+++ The data

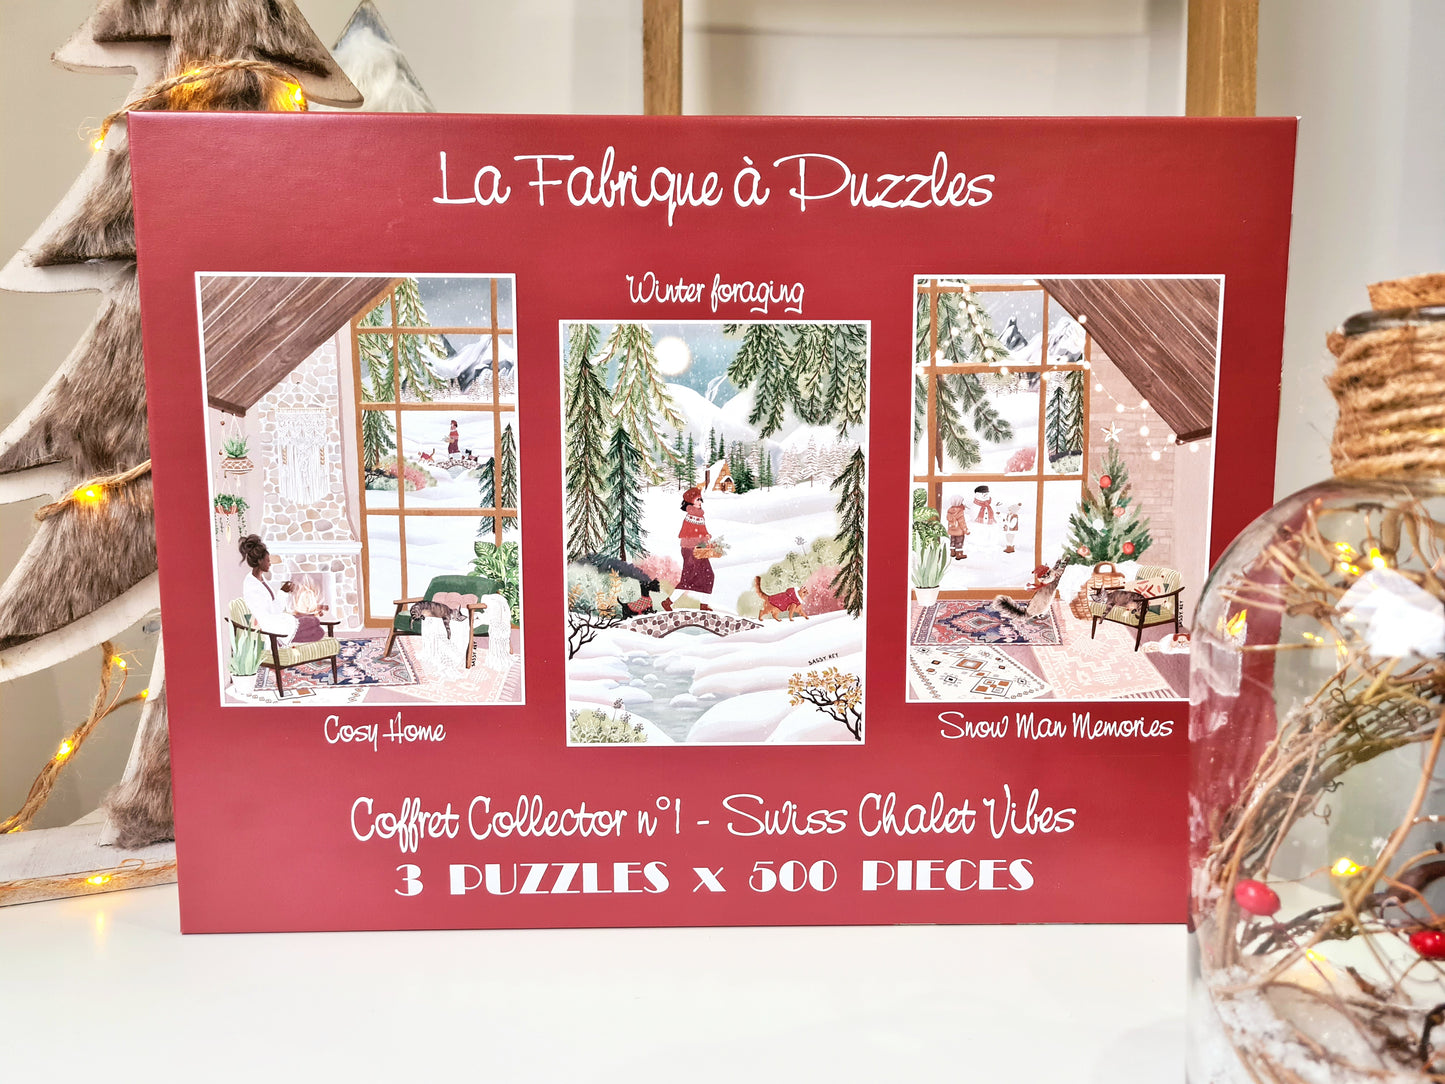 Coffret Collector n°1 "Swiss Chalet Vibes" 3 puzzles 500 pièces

++++++
+++ The data

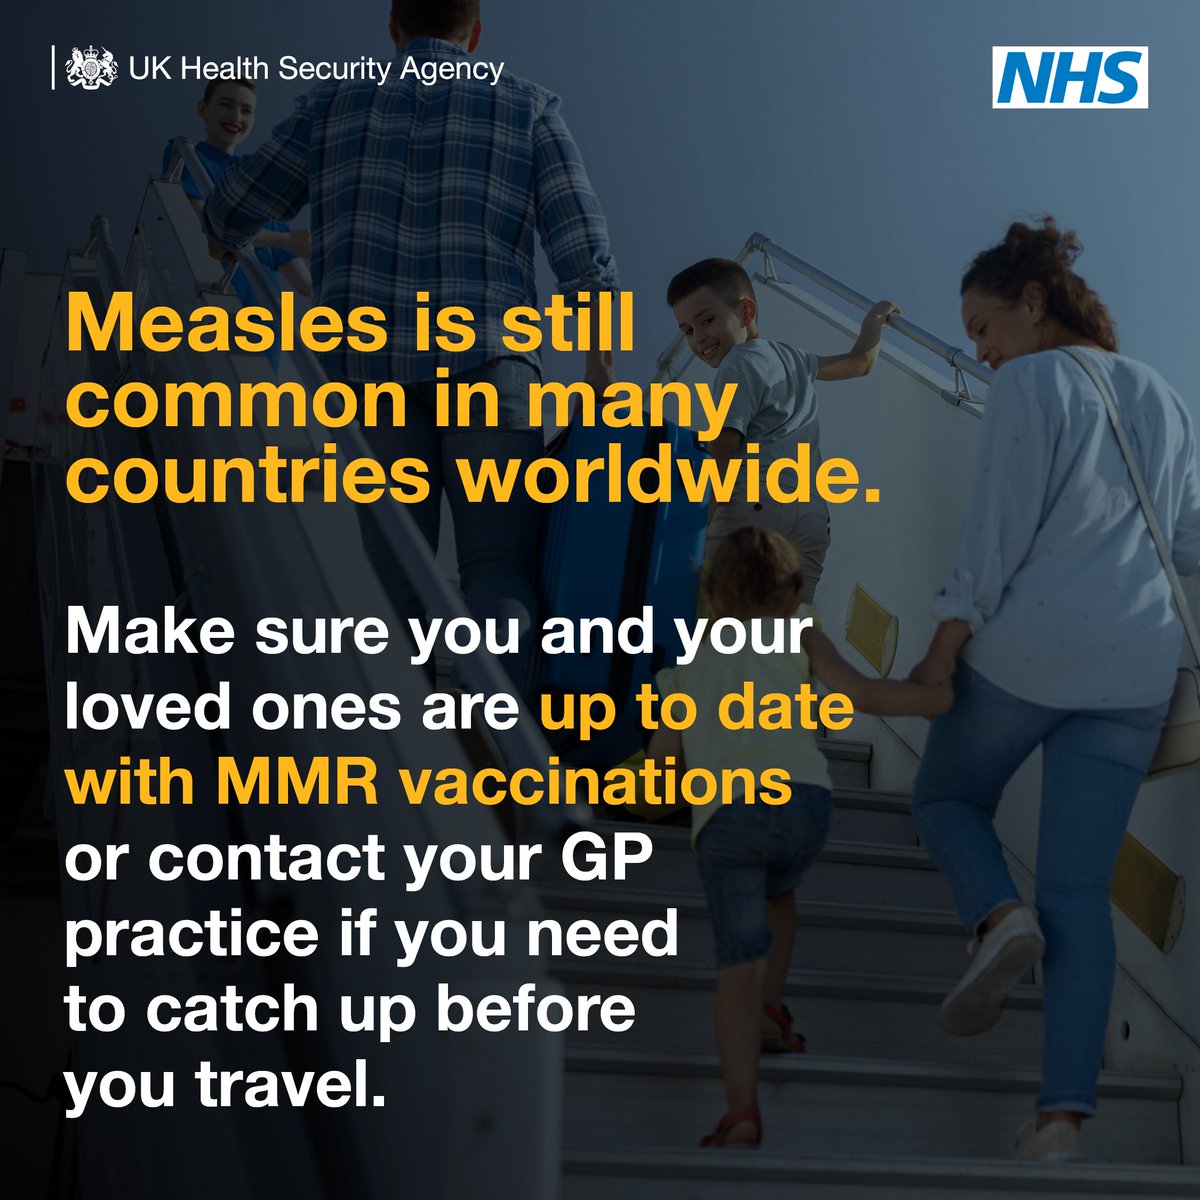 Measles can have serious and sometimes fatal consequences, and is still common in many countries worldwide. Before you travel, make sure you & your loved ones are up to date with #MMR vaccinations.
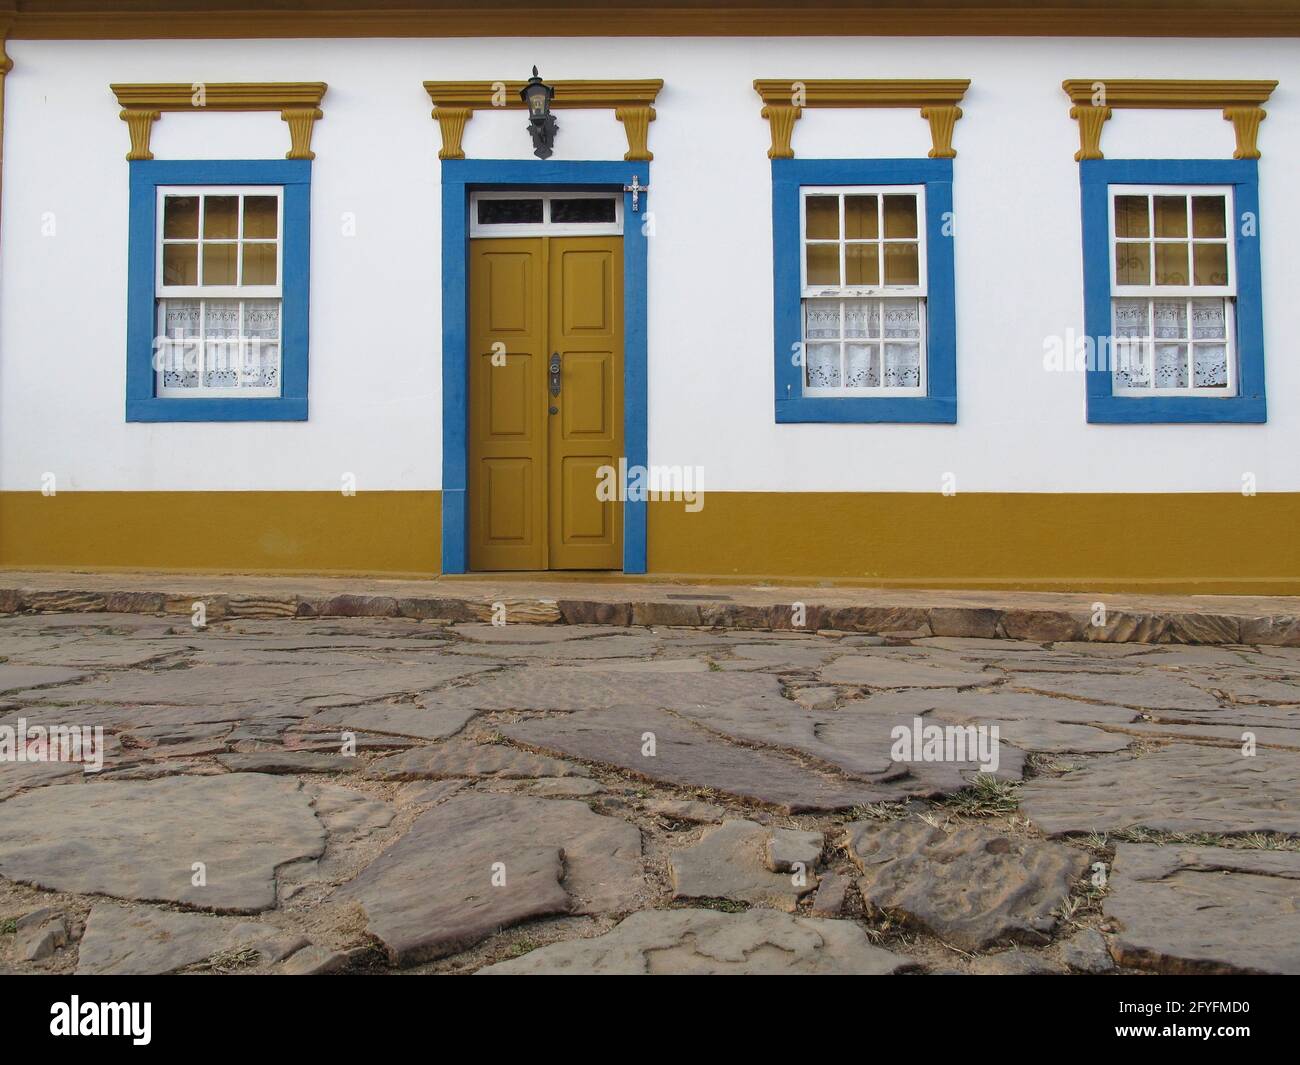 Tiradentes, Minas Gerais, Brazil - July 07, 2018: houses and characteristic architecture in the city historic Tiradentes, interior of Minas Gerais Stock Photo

++++++

▶ **What you should do**
Look above for the line with "Measles can have" and the line with "Tiradentes, Minas Gerais, Brazil". Copy them and every line between, exactly, but no pictures.

▶ **Solution for this task**
 Measles can have serious and sometimes fatal consequences, and is still common in many countries worldwide. Before you travel, make sure you & your loved ones are up to date with #MMR vaccinations.
 Tiradentes, Minas Gerais, Brazil - July 07, 2018: houses and characteristic architecture in the city historic Tiradentes, interior of Minas Gerais Stock Photo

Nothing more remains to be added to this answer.